Copy nothing but the line with "Including frame with hinges." and the lines that follow it to the end of the entries below, and keep the pictures out.

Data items
-- Opening Marker --

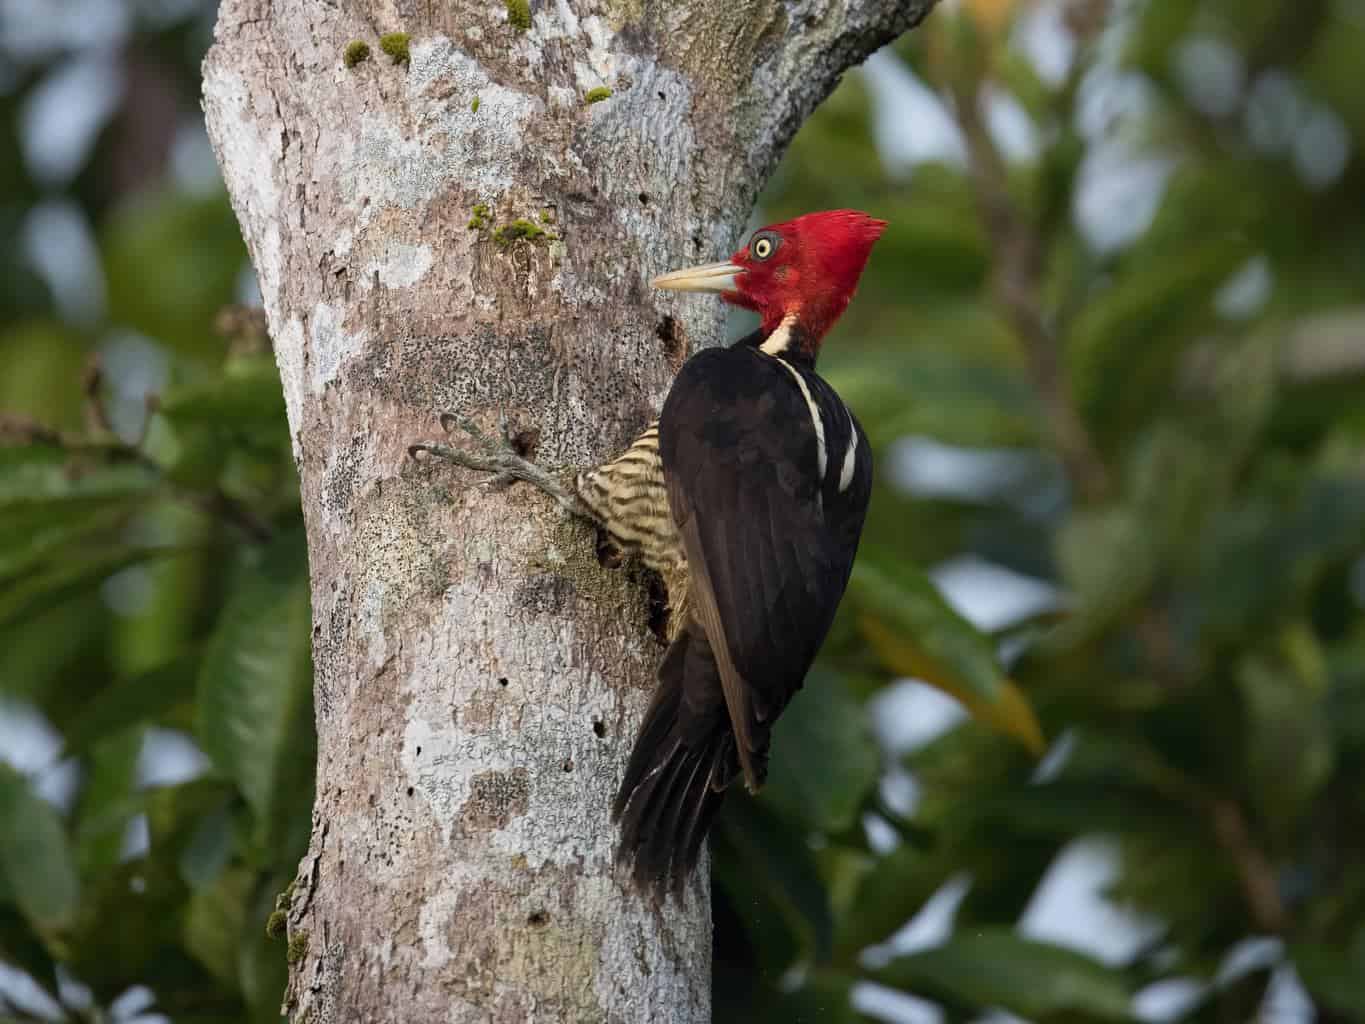 Pájaros carpinteros en Florida: 10 especies que puedes encontrar
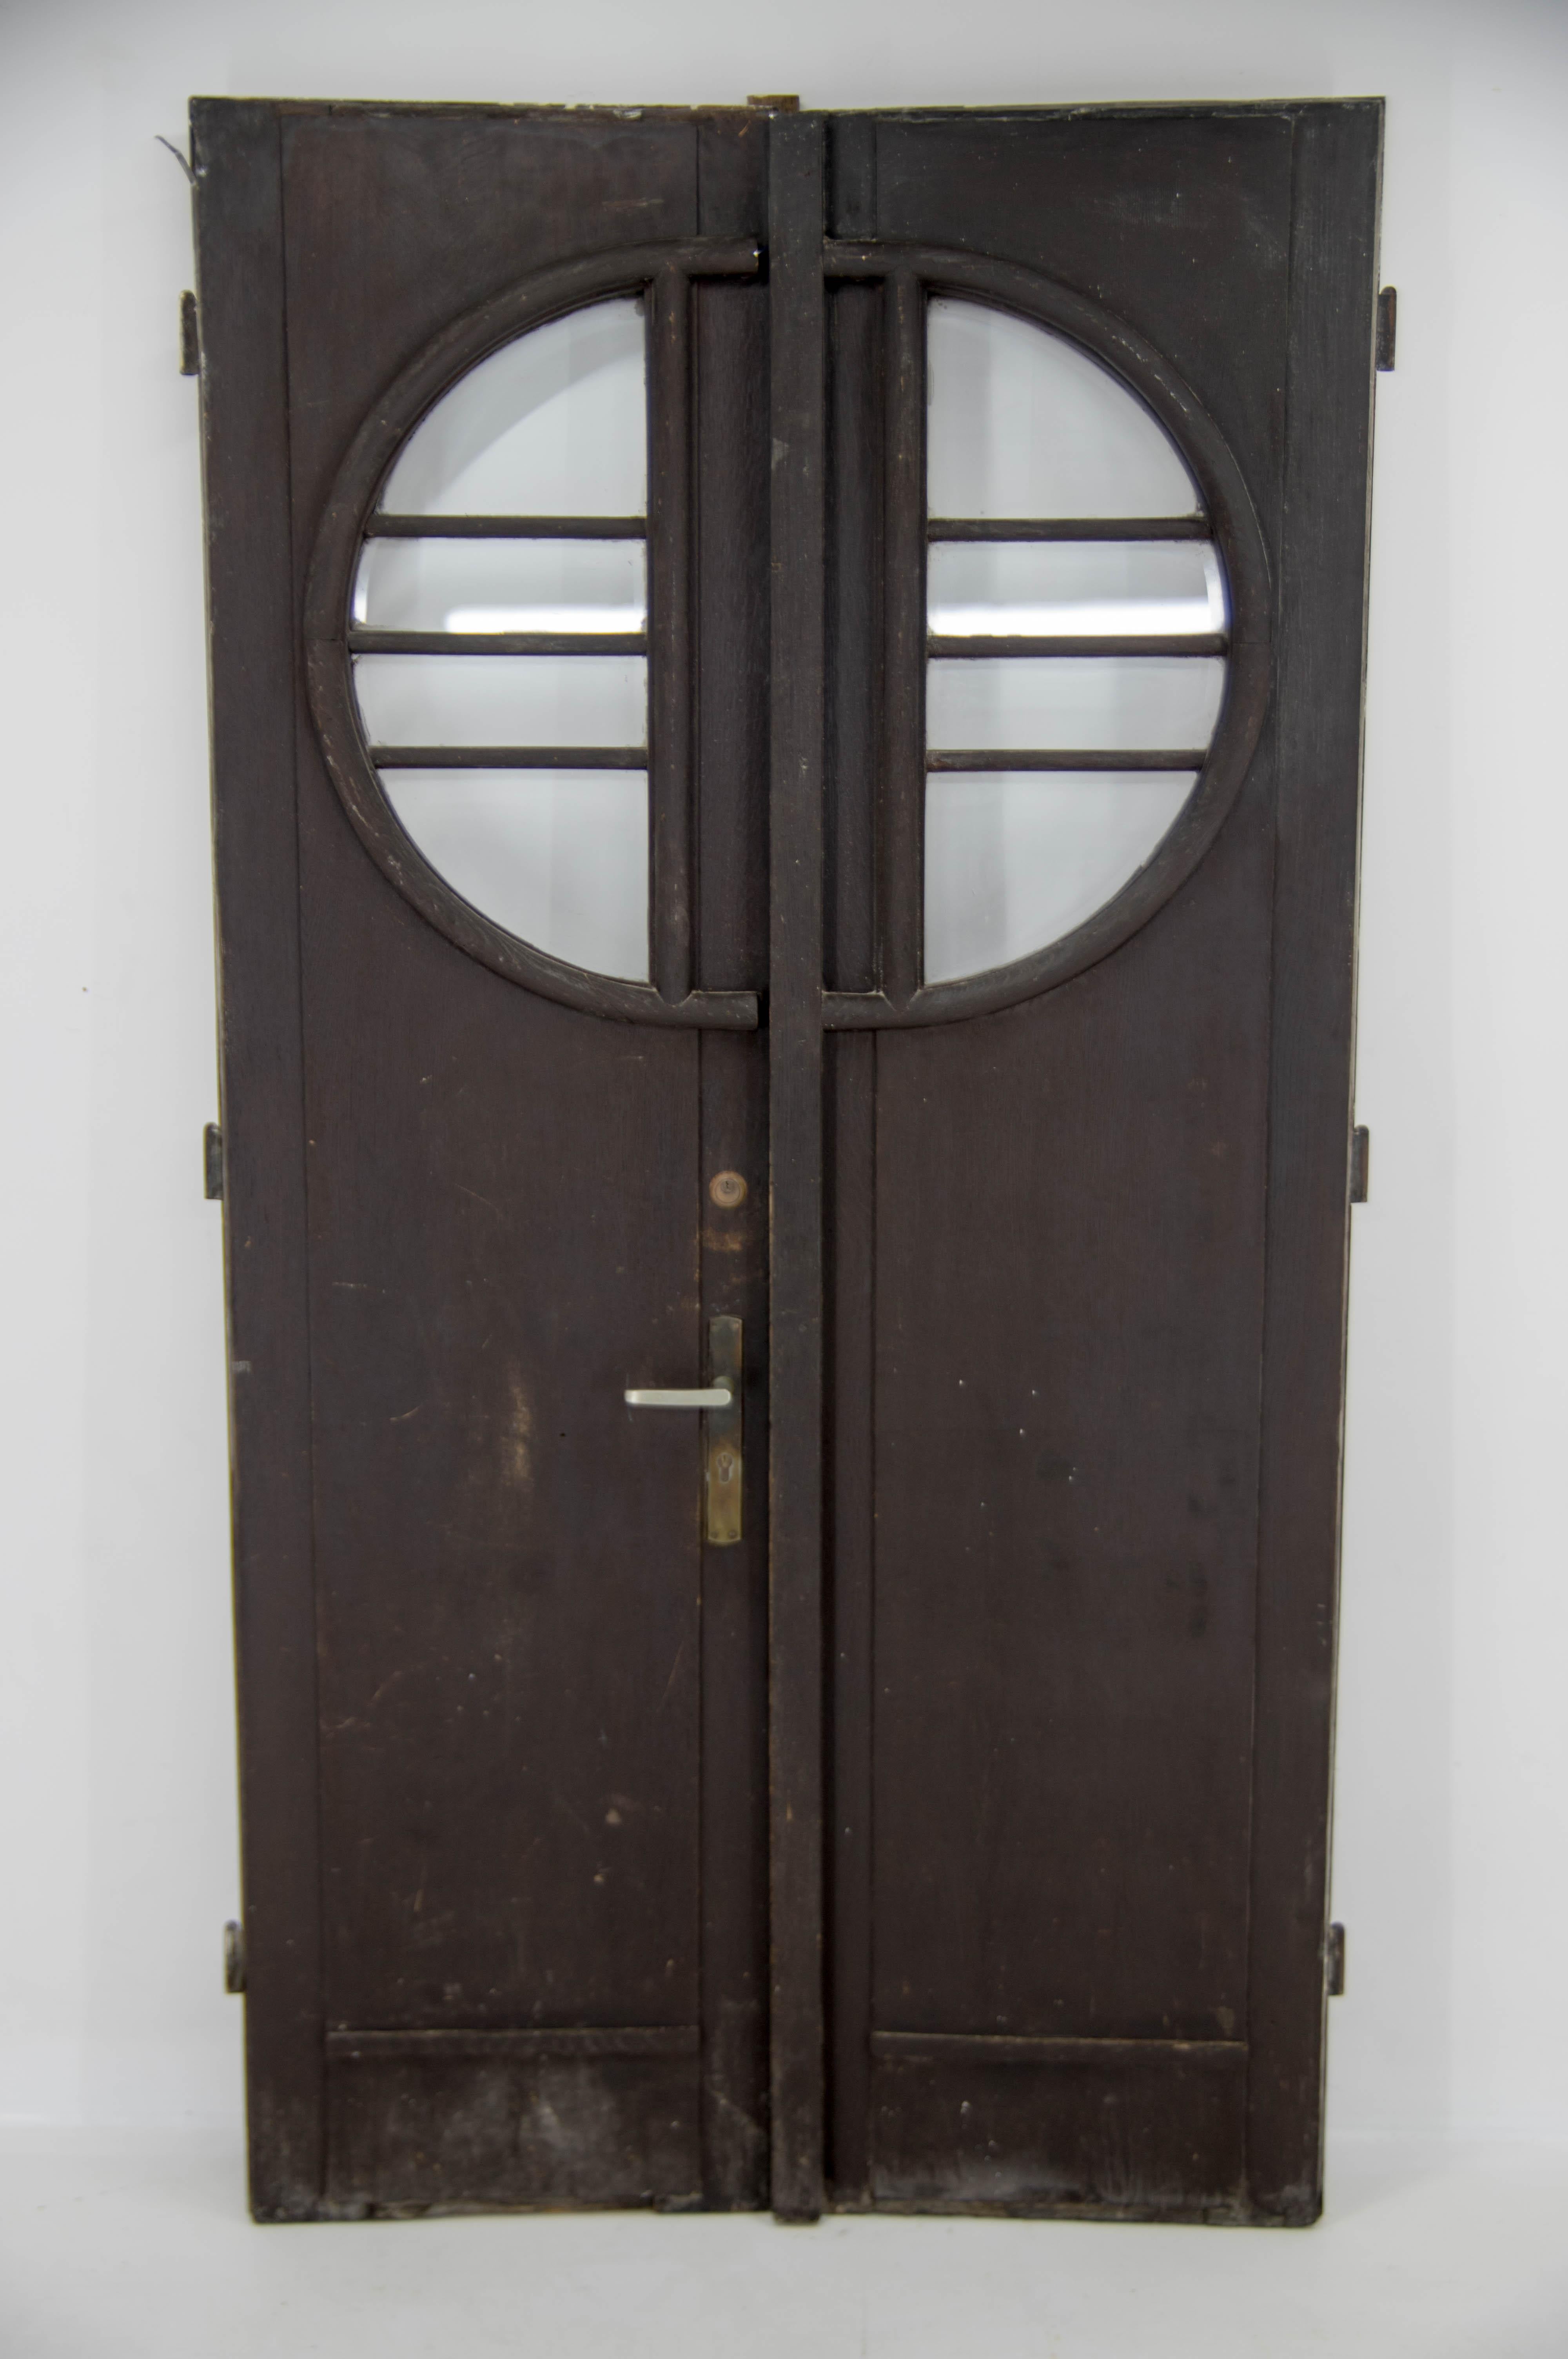 Beautiful custom made Art Deco entrance doors from 1930s
Including frame with hinges.
Including original aluminum seals.
Original glass.
 
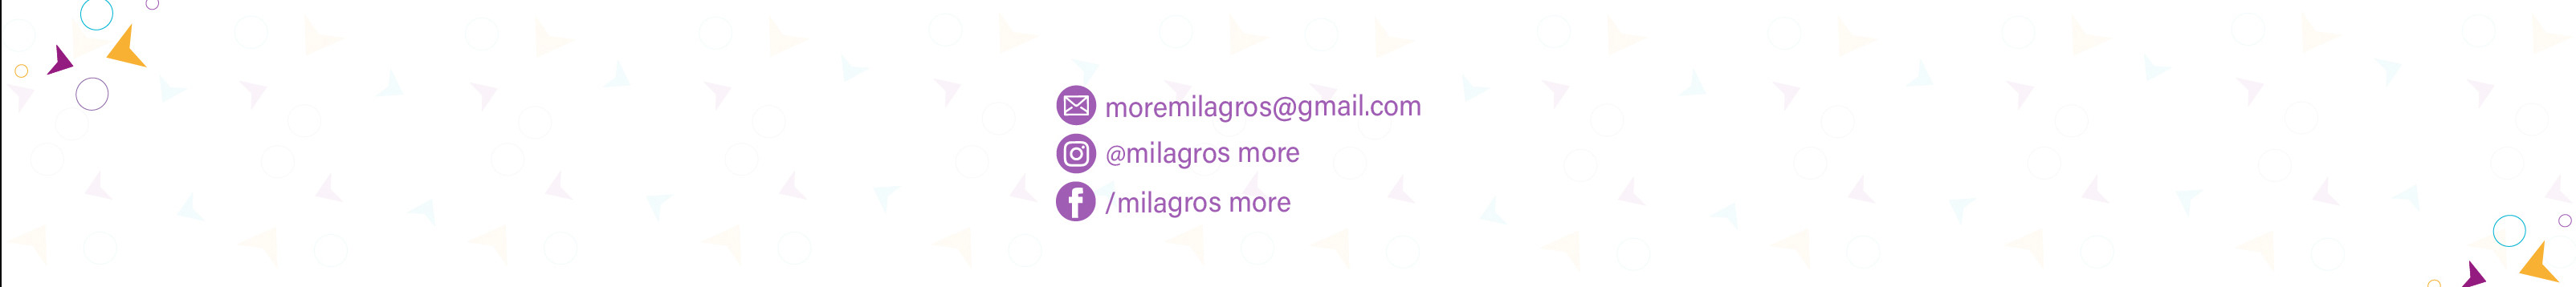 Milagros More Mogollón's profile banner

-- Closing Marker --

• [EXPECTED ANSWER]:
Including frame with hinges.
Including original aluminum seals.
Original glass.
 
 Milagros More Mogollón's profile banner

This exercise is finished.